The establishment of the model schools in Kenya would go along way in supplementing the government's efforts in providing quality free primary education to her citizens.

 

Uganda.

 

Lecturers and Students from Ugandass Makerere University received ICT certification upon successful completion of ICT training in Huawei’s East Africa Training Centre in Nairobi.
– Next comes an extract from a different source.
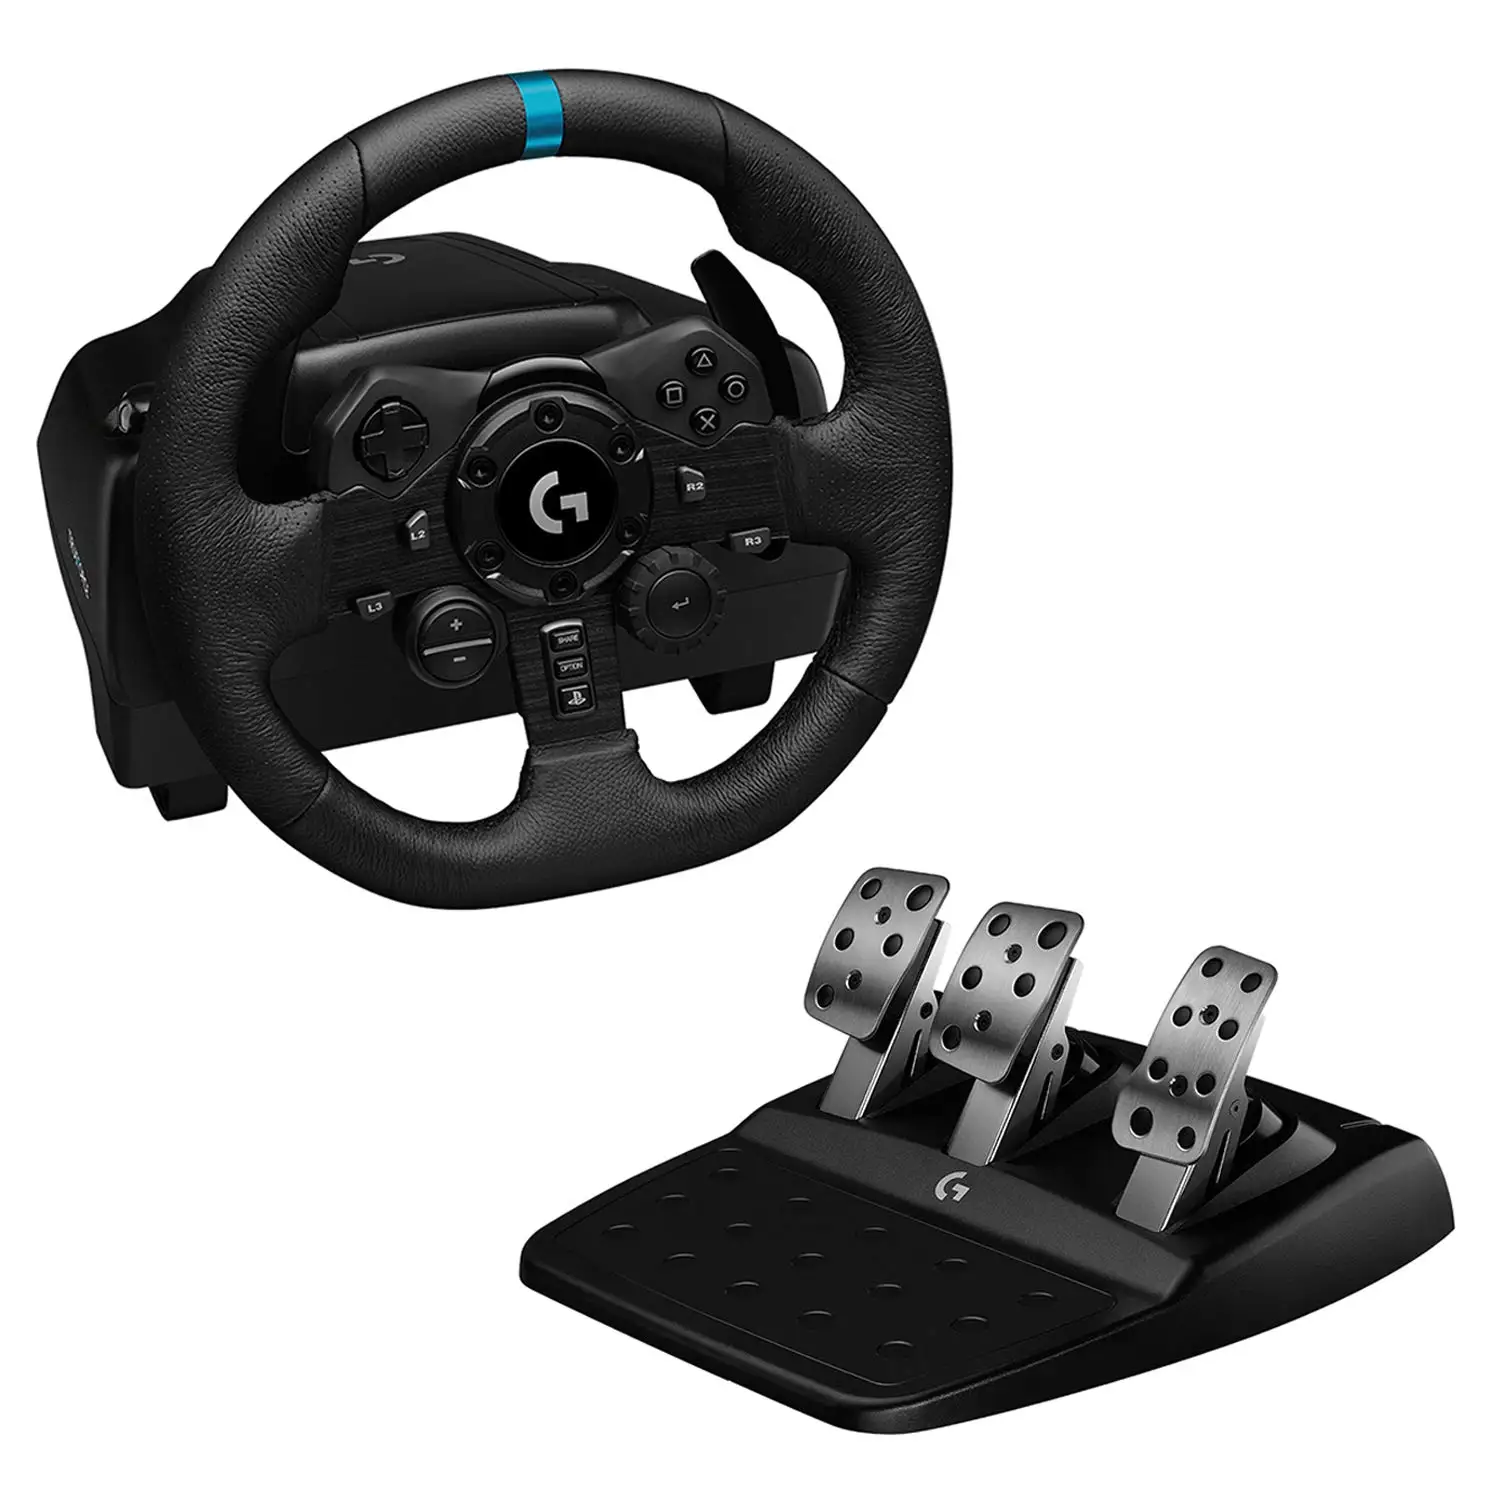 

Log itech Racing Wheel and Pedals for PS 5, PS4 and PC featuring up to 1000 Hz Force Feedback, Responsive Pedal, Dual Clutch Lau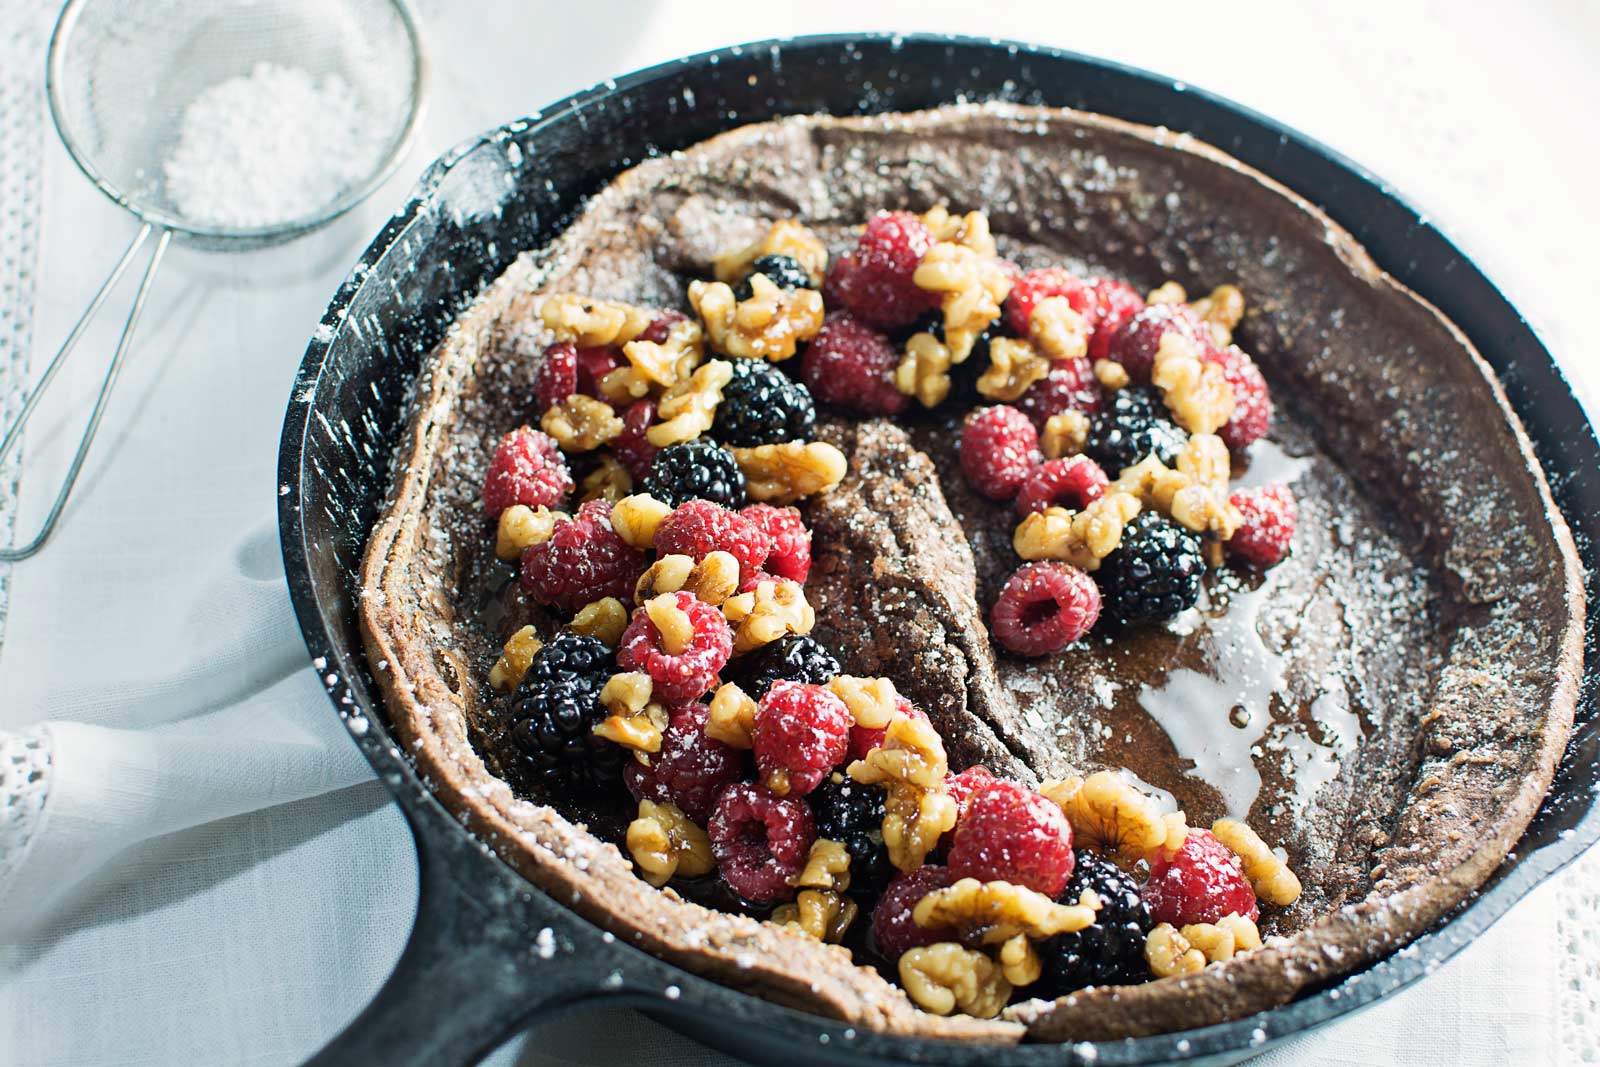 Enjoy a decadent breakfast or dessert with this Chocolate Dutch Baby served with fresh fruit and drizzles of warmed maple syrup and toasted walnuts! Recipe @LittleFiggyFood

Upon Signing a Memorandum of understanding with Makerere University early this year, Huawei  Uganda sponsored an ICT training session for 10 students and lecturers from Makerere.

 

As part of its Corporate social responsibility efforts, Huawei will also sponsor ICT scholarship for students from this month. Uganda needs to invest heavily in this sector as the strategic drive for addressing increasing challenges facing the education in the ICT sector.

 

Zimbabwe

Mr Lin Lin, Chinese ambassador to Zimbabwe, has pledged to assist the country renew its infrastructure during his time as Ambassador. Zimbabwe and China have recently signed a number of agreements in various sectors of the economy.

 

Anjin Investment, a joint venture company between the two countries is currently involved in the mining of diamonds in Marange as well as providing loans for the construction of the National Defence College. It has already provided funds for renovations of infrastructure in Victoria Falls ahead of the United Countries World Tourism Organisation general assembly to be co-hosted with Zambia next year.

 

The Chinese government has provided a US$150 million loan facility to Harare City Council to revamp its water and sewer reticulation systems.